A partir de 1878, surgiram planos para a construção de um moderno centro de abastecimento na cidade, já que os projetos da ampliação do porto previam que a maioria dos antigos cais e mercados iriam perder seu acesso marítimo, essencial, na época, para seu funcionamento. Além disso, os conceitos de modernização do espaço urbano e da higiene pública trazidos com implantação da República, visavam a convergência do comércio de gêneros alimentícios, com objetivo de minimizar a existência das feiras livres, tidas como ameaças, quer à higiene, quer à segurança da cidade.
O projeto da modernização do porto de Salvador foi aprovado em 1906. Como local do centro de abastecimento, foi escolhido uma área no domínio do antigo Arsenal da Marinha (atual sede do Segundo Distrito Naval), desativado desde 1899, onde funcionava a Escola de Aprendizes-Marinheiros da Bahia. Em 1911, iniciou-se a construção do Mercado Modelo, no local atual escultura do artista plástico Mario Cravo Júnior, logo ao sul da Praça Cairu. Inaugurado em 1912, o novo Mercado estava construído de forma retangular, medindo 2.400 m² (40x60 metros). Para os padrões estéticos da época, o prédio consistia numa arquitetura bastante incomum, com a estrutura importada, totalmente metálica, circundada de marquises e cobertura de zinco, formada por três elementos distintos, proporcionando a ventilação natural. Tudo indica que essa construção foi a primeira a possuir completa estrutura metálica em Salvador.

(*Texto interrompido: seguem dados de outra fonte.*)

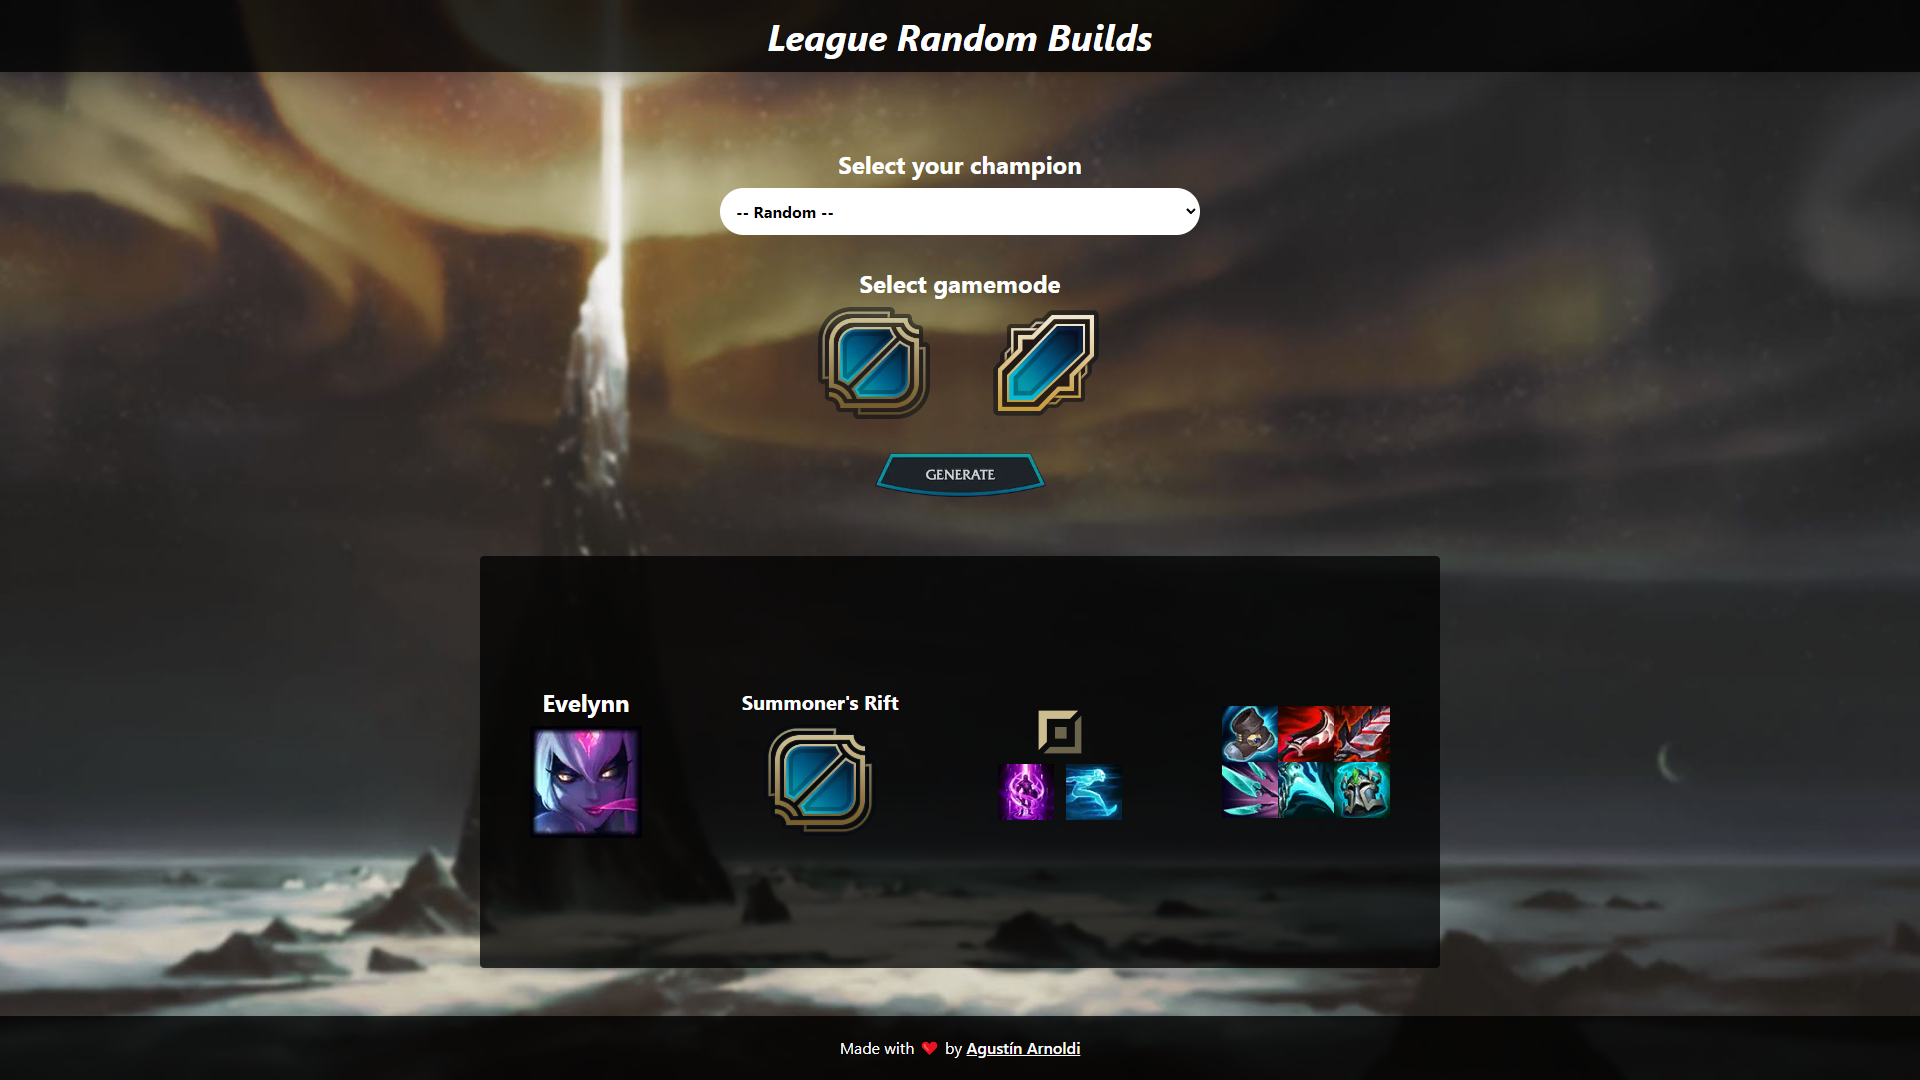 Application that draws a random League of Legends build

Não obstante, a sociedade baiana não recebeu bem esse tipo de arquitetura, ousada para o padrão local. Por isso, já em 1915, o Mercado Modelo sofreu uma nova intervenção, sob a orientação do engenheiro italiano Filinto Santoro. Foram acrescentados outros 900 m² ao prédio, através de um anel periférico que incluía 55 lojas voltadas ao exterior. A fonte central no interior foi relocada na área
próxima à entrada e transformada em chafariz. O anel periférico era fechado por dez portões e uma fachada de cimento armado em estilo monumental, conferindo ao prédio a aparência pela qual ficou conhecido através de cartões postais e fotos da época.

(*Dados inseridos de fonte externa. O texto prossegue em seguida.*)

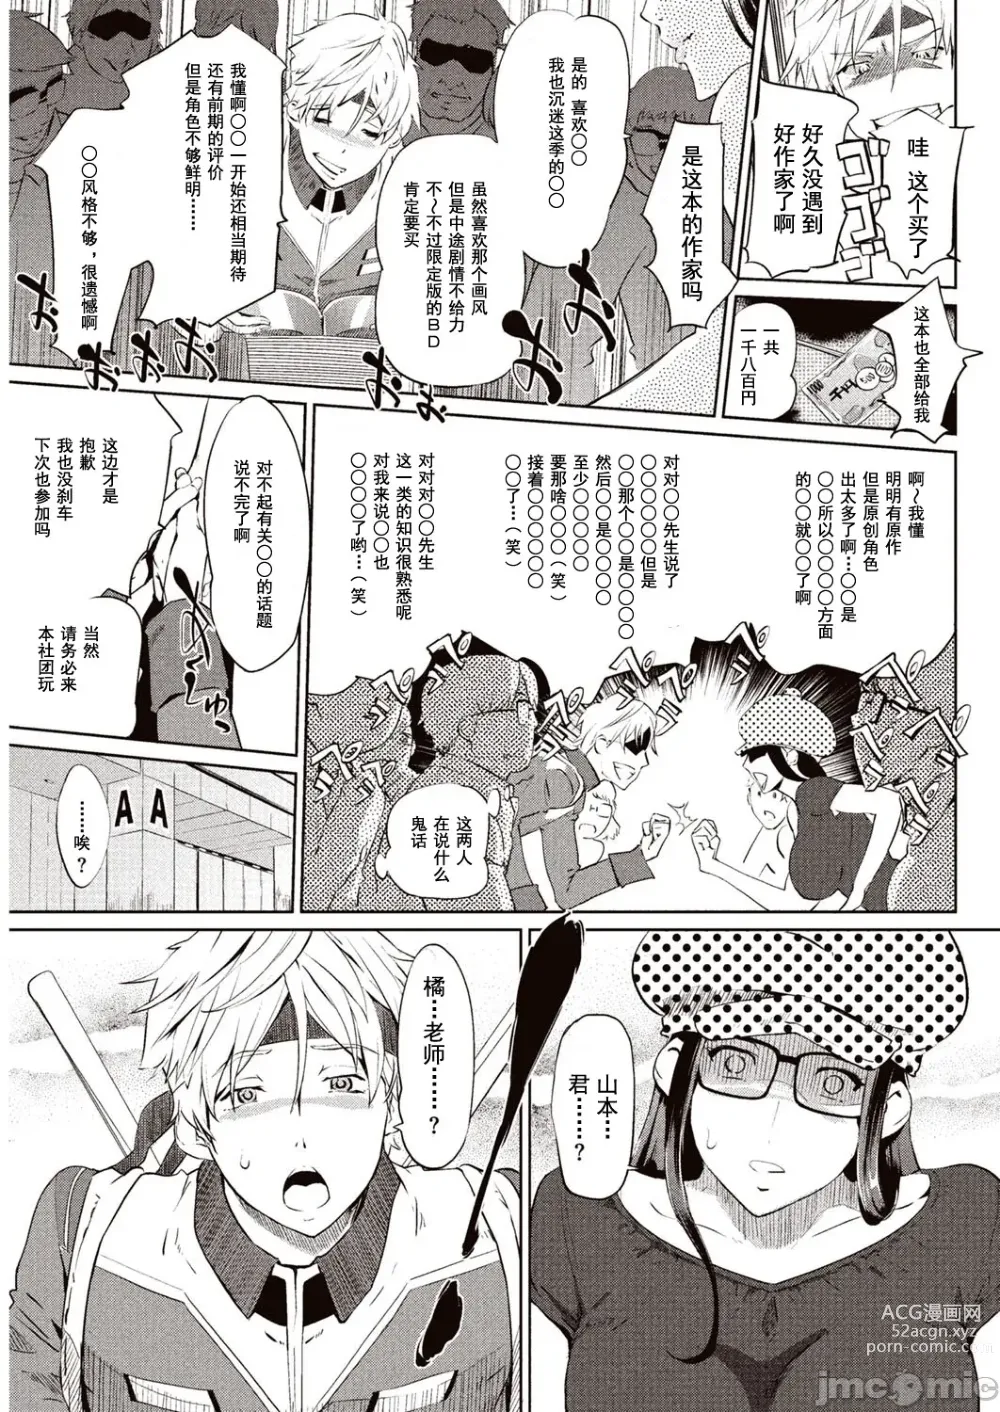 Page 4 of manga 賣作社團的招待券

Em frente ao prédio existia, ao longo do ancouradouro da Alfândega, um pequeno porto, esculpido por aterros realizados a partir de 1860, pertencente ao domínio do antigo Arsenal da Marinha e conhecido, no século XIX, como "caldeira". Este espaço passou a funcionar como atracadouro do mercado, incluindo ao seu fundo uma rampa, para facilitar o desembarque em larga escala das mercadorias que chegavam aqui por via marítima. O projeto de Santoro também previa a
construção de um hangar para a instalação de feiras,
que porém nunca chegou a ser executada. Como desde o início do funcionamento do mercado, a Prefeitura e as demais autoridades consentiam com a venda de frutas, louça indígena e outros produtos no exterior do edifício, existia também, desde cedo, uma pequena feira livre em sua frente, chamada, pelos jornais da época, de "Costa D'África".
Como revelam diversos relatórios do Corpo de Bombeiros da Bahia dos fins do século XIX, incêndios em mercados e trapiches e armazéns foram bastante comuns naquela época, e o Mercado Modelo não iria ser uma exceção. Em 1917, o edifício sofreu o primeiro de uma série de incêndios históricos que iriam marcar a sua biografia. No dia 7 de janeiro de 1922, durante a madrugada, um segundo incêndio, de proporções bem maiores, trouxe prejuízos incalculáveis, o que obrigou os comerciantes a procurar outros locais para se instalarem provisoriamente. Por causa da pintura na cor verde que recebeu durante a sua restauração, o Mercado Modelo foi apelidado pelo povo de “Tartaruga Verde”.